Hazen Valliant-Saunders said...

The real way to have a good plan B is to ensure that all of your minorities are kept happy, that way they won't revolt and leak informaiton. Or make real sure that they are on board with the political culture of your organization.

Larry said...

Hazen,

Let me give you an example how the US "kept minorities happy." My daughter served her US Naval deployment by working in a country in Africa making sure pirates did steal food from ships coming into port. If that food didn't get there it would starve the surrounding counties for months and some times years. This is just one of many good things done by the US in trying to keep the whole world of happy. Lets see if WikiLeaks this.

GraniteKey said...

Hazen,

I do not believe the level of happiness among minorities has any more bearing on information leaking than any of a number of other reasons. Greed, thrills, and general stupidity probably lead to more leaks than anything else. There are plenty of non-minority status people who are unhappy as well. I also do not see how this is an effective Plan B. If Plan A (protecting confidentiality in this case) fails, then how does making the minorities feel happy rectify the damage caused by information leaks? If anything, you are offering an additional layer to Plan A, and I doubt the effectiveness of it.
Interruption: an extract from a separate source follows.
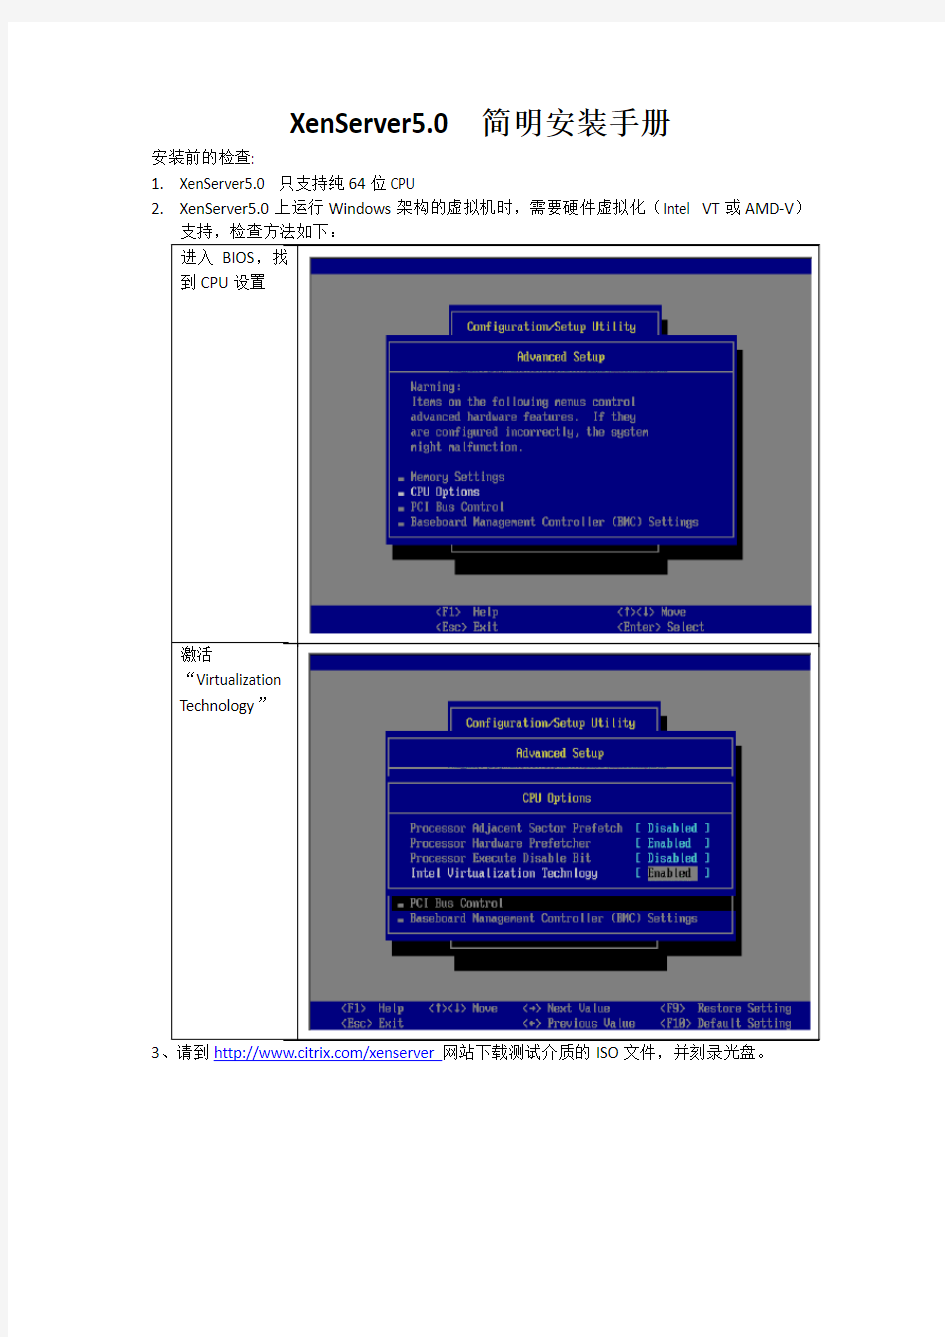 XenServer6.0中文安装手册,全图解安装过程

Hazen Valliant-Saunders said...

Thanks for the post Larry;

Just as an example, he would not have been able to leak any information if the Two man rule was enforced.

And by Minorities, I mean minorities within the Ranks; both visible; cultural and any other divide you can think of. If you look at the change in stance in regards to "Don't Ask Don't Tell"; it's clear that if you don't appease your own first, they will appease themselves.